Forum Discussion
Connecting data from Microsoft 365 Defender to Microsoft Sentinel
I understand Microsoft 365 Defender incidents include all their alerts, entities, and other relevant information, and they group together and are enriched by, alerts from Microsoft 365 Defender's component services: Microsoft Defender for Endpoint, Microsoft Defender for Identity, Microsoft Defender for Office 365, and Microsoft Defender for Cloud Apps etc...
One thing I want to clarify is there ever a need to onboard and connect, each individual related connector as well, such as Microsoft Defender for Endpoint or Microsoft Defender for Identity etc...?
Source: Connect Microsoft 365 Defender data to Microsoft Sentinel | Microsoft Learn
See line #1 from the note.
Clive_Watson - Don't suppose you are aware of any issues with the Microsoft Defender connector in Sentinel are you? It's worked fine for me since preview but now I get the following error on MDE and M365 Defender connector.

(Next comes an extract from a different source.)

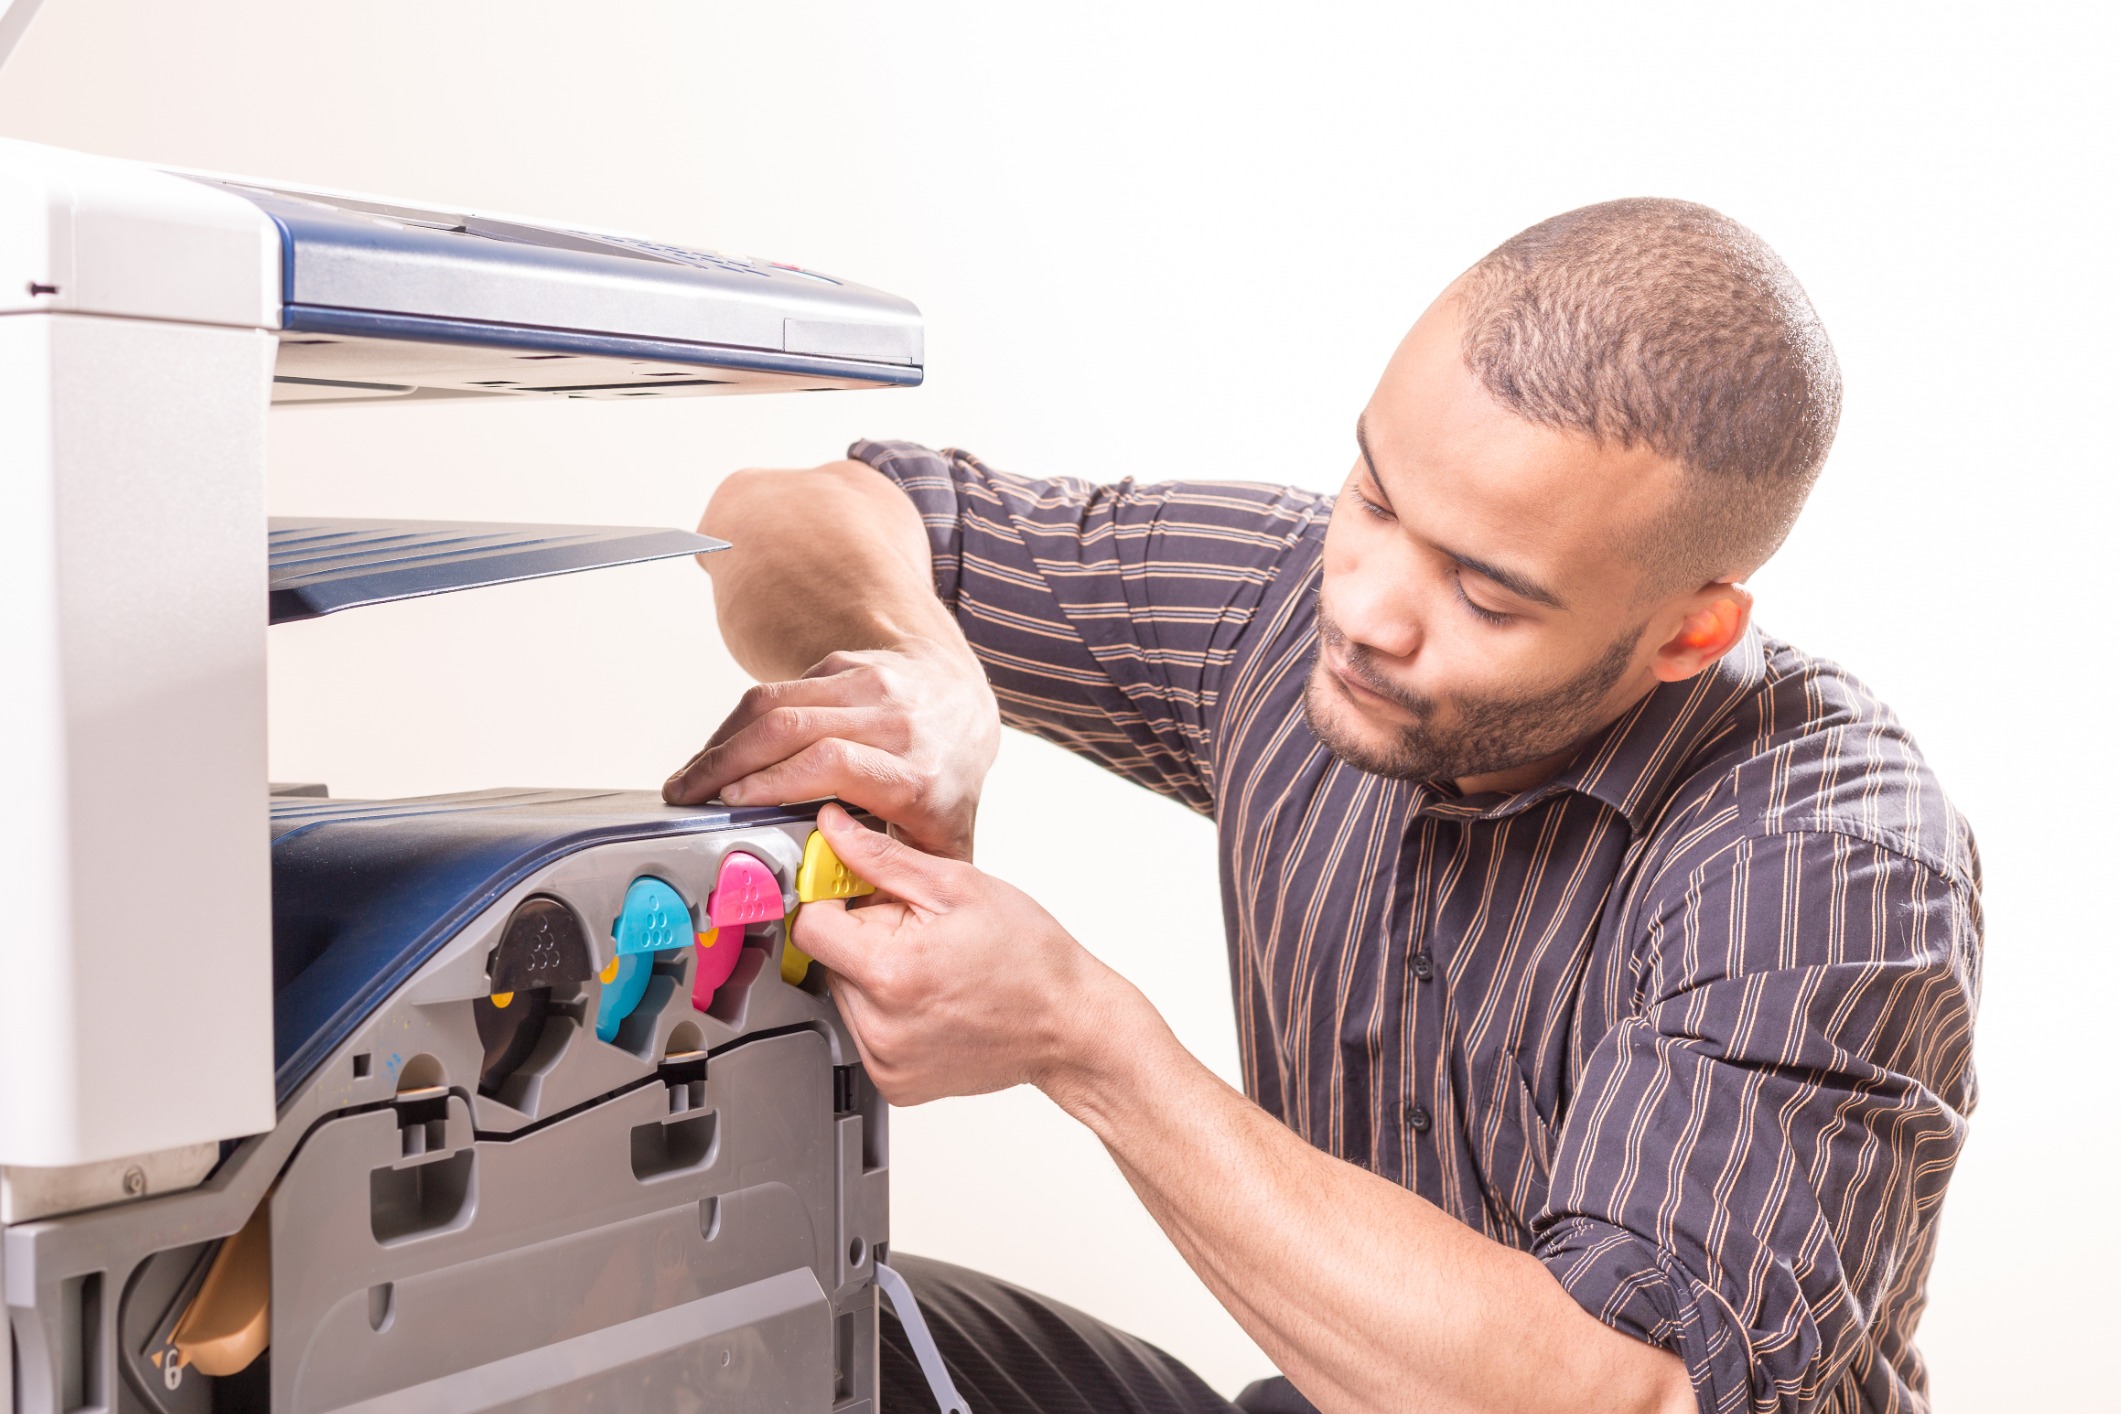 Finding a Copier Service: How to Hire the Right Provider

I came across the following article which suggests its somethign to do with the classic CA policy created when Intune is connected to Defender portal: AADSTS50131: Device is not in required device state: known. Or, the request was blocked due to suspicious activity, access policy, or security policy decisions with WDATP | Liebensraum - I've seen another MSFT doc suggesting you should NOT delete this policy but instead you can exclude users, any thoughts?